Modalities
Inputs
Have you ever tried typing on a TV? The intended way is to take the TV controller, and slowly, painfully press the arrow keys to move around an on-screen keyboard and select each letter one at a time. Also for whatever reason the keyboard is usually alphabetical and not QWERTY.
The time difference to doing this exact same search on a keyboard is at least an order of magnitude. What is this insanity! Fundamentally the computers running on the laptop and the TV are not that different, the cardinal sin here is in the interface and particular in the input interface.
You can judge how good an interface is using only two axes:
- Bitrate
- Accuracy
Maybe I'm being a little uncharitable towards BCIs wrt. bitrate, but this is my current assessment of them. Their aspiration, if Neuralink-style, is to be located all the way off the screen to the right. I respect the ambition.
You can compensate for a lot of the innate deficiencies of an input interface using software. Good auto-correct and probabilistic keyboards are what make smartphone keyboards practical to use.
Technology is only really useful if bidirectional. So you need some way to receive output from the device you are using.
Outputs
Of the five human senses, only three are used for computer output, and the distribution is extremely unequal. The same axes apply.
Touch
Mainly implemented through haptics. Because the bitrate is so low, it's really just used a gimmick for the novelty factor.
Hearing
Computers have always been able to give low bandwidth, high accuracy alerts (think notification sounds), but recently, speech synthesis has blown the door open by significantly increasing the bitrate.
Sight
No contest that vision is the most dominant human sense. And thus we see the vast majority of people interact with technology through a screen.
Voice In, Text Out
This is the best way to bitrate-max your computer use, because you are using the fastest input modality and output modality available to humans today (until we get brain chips).

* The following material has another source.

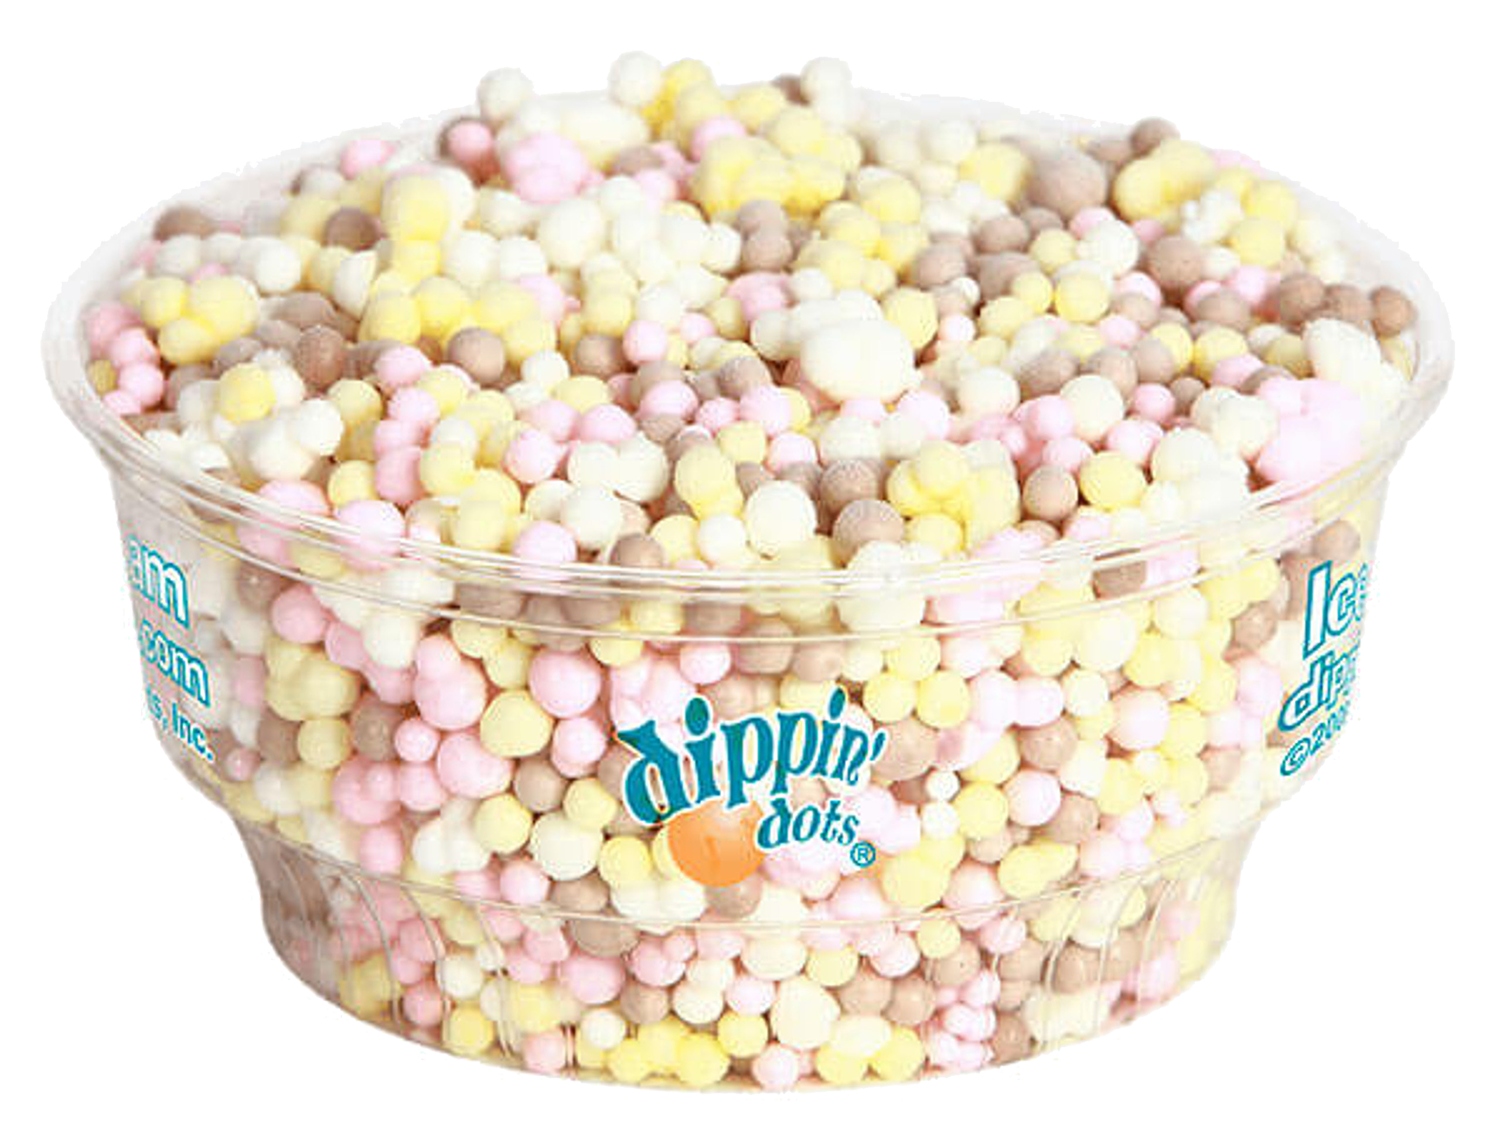 Welcome to Mi Dippin' Dots

I think people are still slow to realize how amazing of an input voice has become for computers because of machine learning. Modern ASR models are so good and so fast they will beat out even touch typing in raw speed. The tradeoff has traditionally been in accuracy, but ASR accuracy has improved incredibly since Whisper. At the same time, we now have extremely capable LLMs that can parse these massive, semi-accurate streams of unstructured text and do something useful with it.
When I dictate to LLMs, I don't even think about correcting the dictation result, I'm just trying to voice dump as much context as I can from my brain to it. ICL allows them to understand when there's a transcription error and they still understand the overall gist of what I meant to say.
Right now, the biggest bottleneck to ubiquitous voice input is usage in public spaces. There is a social constraint to voice. The solutions are whispering and silent speech. Voice is also somewhat imprecise. Paired with voice there will always be a few low bitrate, ultra high precision input methods. Keyboard shortcuts are an example.
While voice is a great input modality, I think you should be very careful about using it as a primary output modality because vision is just so good. And audio forces an unskimmable time axis. I quote Karpathy: thank you to the giant GPU in your brain built for processing images very fast.
Most people can read books much faster than they can listen to someone read it to them. There are also types of outputs that are naturally suited to GUIs or text because information can be taken at a glance (parallelism). Think dashboards, maps, code. Imagine even a very skilled human trying to explain those same interfaces using only voice.
In fact, not only is audio losing in bitrate but it's also less accurate! People often have to ask to hear something again or they might mishear words. No such problems with vision, just read it again. This is the price for temporality. So, I am quite skeptical about voice taking over everything, and I think GUIs will always have their place because humans are optimized for vision.
In Defence of Voice Out
If audio always has both lower bitrate and accuracy than vision, is there ever a reason to use it as an output modality? Yes. Because while vision completely sweeps voice, it critically demands an undivided attention.
This is a feature, not a bug of foveated vision. There are simply too many photons bouncing around out there to make sense of it all at the same time. This means that if you are using a screen, you can't really be doing much else given how important vision is. For instance, you cannot drive, it's socially frowned upon to do this while talking with others, can't enjoy scenery (which you have to look at). But if instead you are using hearing, you have suddenly freed up sight to do whatever important thing you need it to do.
The other advantage of bidirectional voice is that it is the most natural form of human interaction. It is the modality of choice for human-human communication. We've all learned it since we were kids. From a pure productivity standpoint you might want voice in, text out but for other use cases you might actually prefer voice in, voice out.
Computer interaction is now human interaction
Anyway, I think it is an exciting time for HCI because the computers are becoming more and more humanlike, and so designing human-computer interaction becomes closer to modelling human-human interaction. And what a world it shall be when interacting with technology feels as effortless and natural as interacting with another human.